Kung Pao Squid
Kung Pao Squid is a delightful twist on the traditional Kung Pao chicken, featuring tender squid stir-fried with crunchy vegetables and peanuts in a spicy, savory sauce. This low-carb dish is perfect for seafood lovers looking for a quick and healthy meal.

20 minutes
Difficulty: Easy
Chinese
280 kcal
Ingredients
- Squid - 300 grams, cleaned and cut into rings
- Bell pepper - 100 grams, diced
- Zucchini - 100 grams, diced
- Garlic - 2 cloves, minced
- Ginger - 1 tablespoon, minced
- Green onions - 2, chopped
- Unsalted roasted peanuts - 30 grams
- Soy sauce - 2 tablespoons
- Rice vinegar - 1 tablespoon
- Szechuan peppercorns - 1 teaspoon, crushed
- Chili oil - 1 tablespoon
- Sesame oil - 1 teaspoon
- Cornstarch - 1 teaspoon
- Water - 2 tablespoons
Steps
- In a bowl, combine soy sauce, rice vinegar, cornstarch, and water to create a marinade. Add the squid and let it marinate for 10 minutes.
- Heat chili oil in a large pan or wok over medium-high heat.
- Add minced garlic, ginger, and crushed Szechuan peppercorns to the pan, stir-frying for about 30 seconds until fragrant.
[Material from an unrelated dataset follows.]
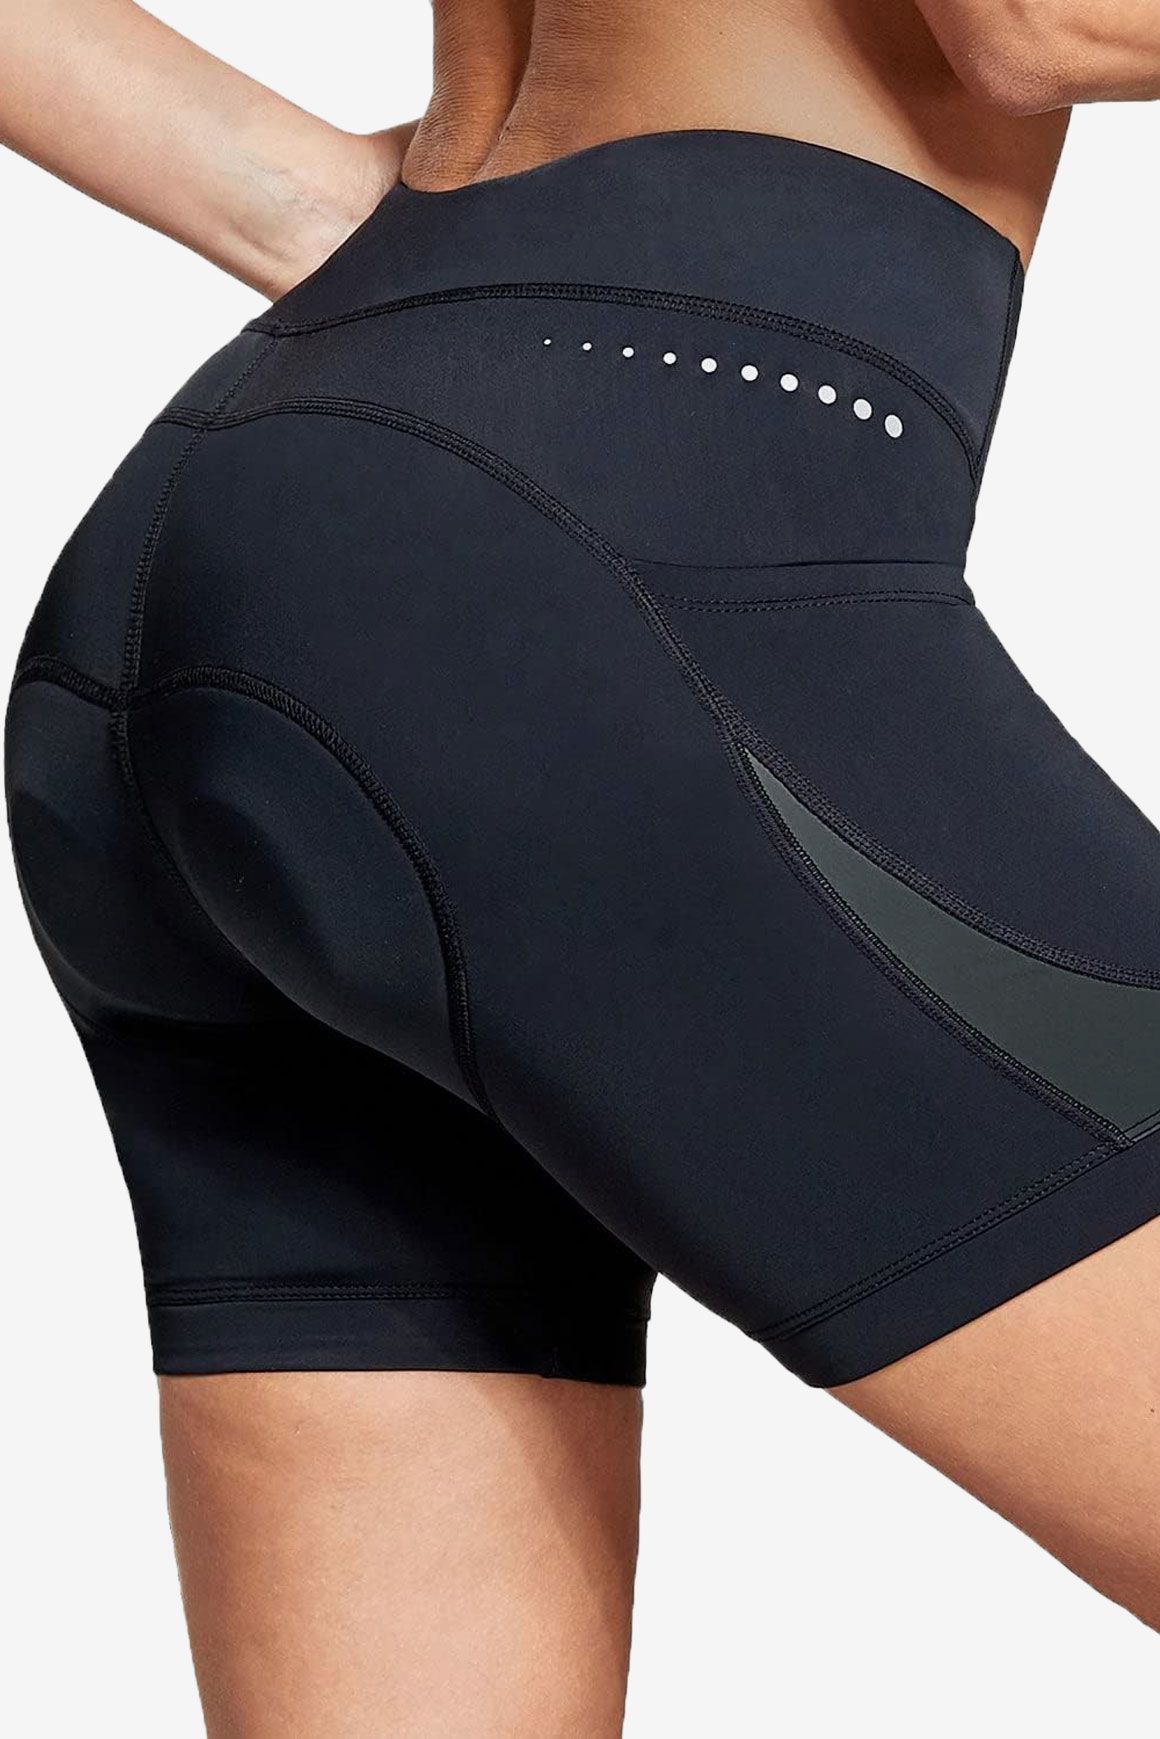 Cycling shorts for women, Shop for the best at NA-KD
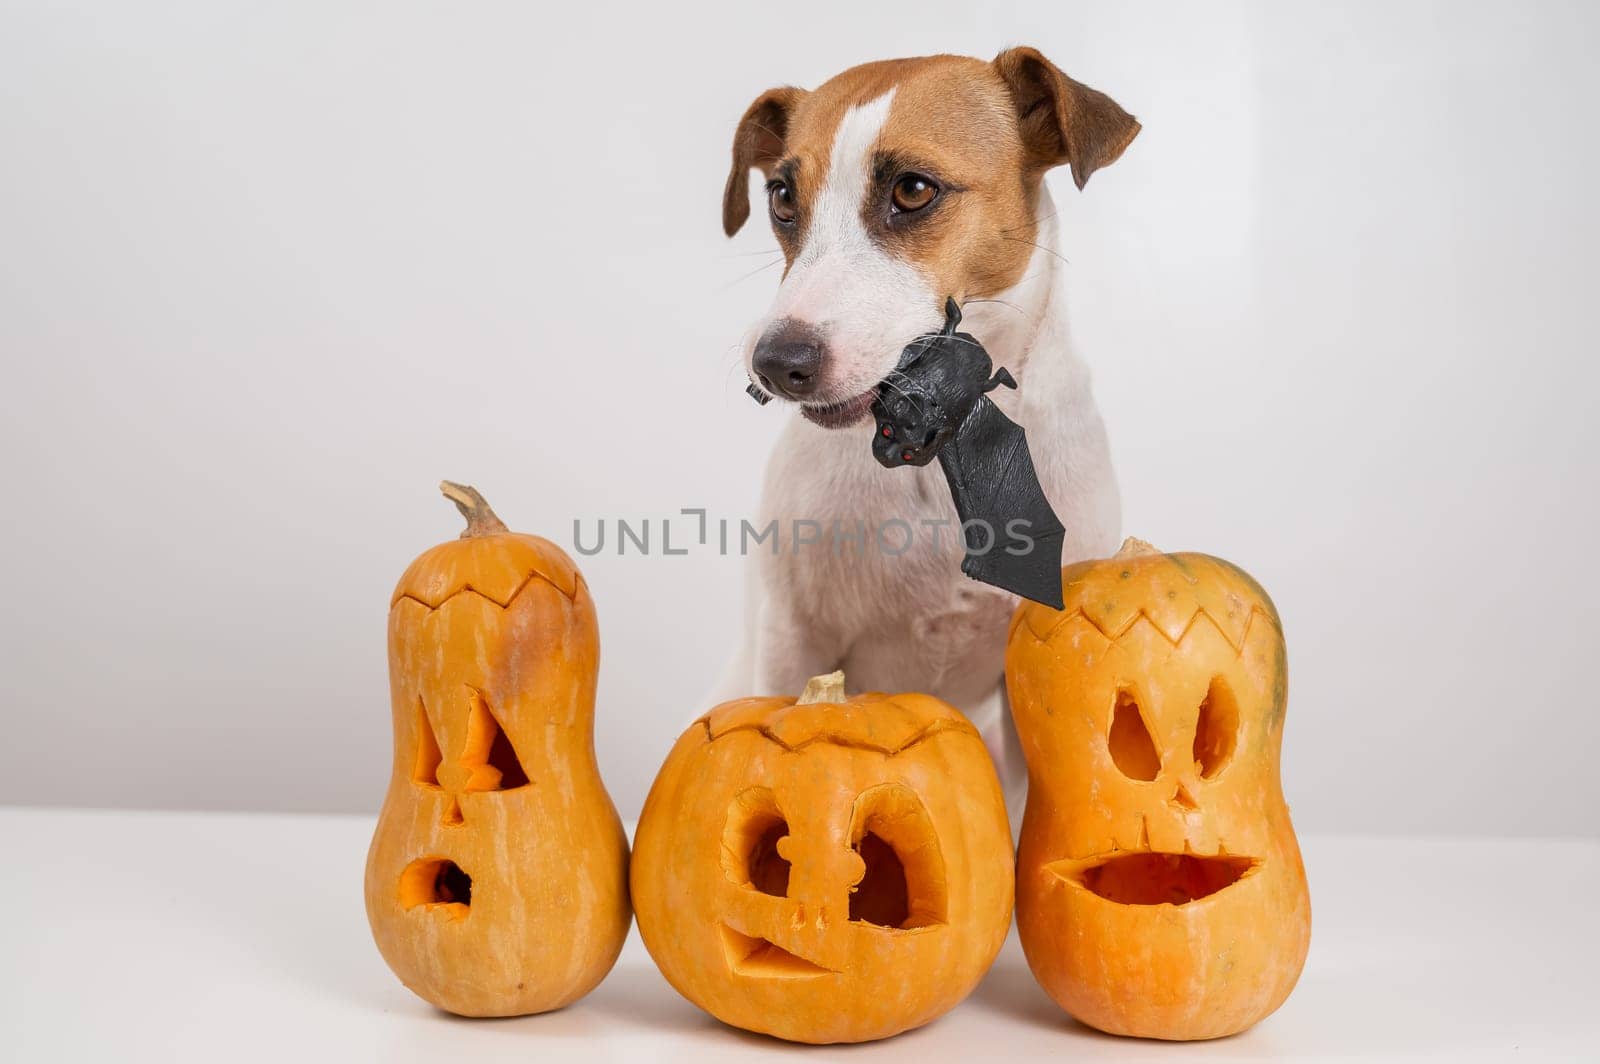 Jack Russell Terrier dog holding a bat next to three jack-o-lanterns on a white background. by mrwed54

- Add the marinated squid to the pan and stir-fry for 2-3 minutes until the squid is opaque and cooked through.
- Add the diced bell pepper and zucchini to the pan, cooking for an additional 2-3 minutes until the vegetables are tender-crisp.
- Stir in the chopped green onions and peanuts, cooking for another minute.
- Drizzle with sesame oil before serving and toss to combine.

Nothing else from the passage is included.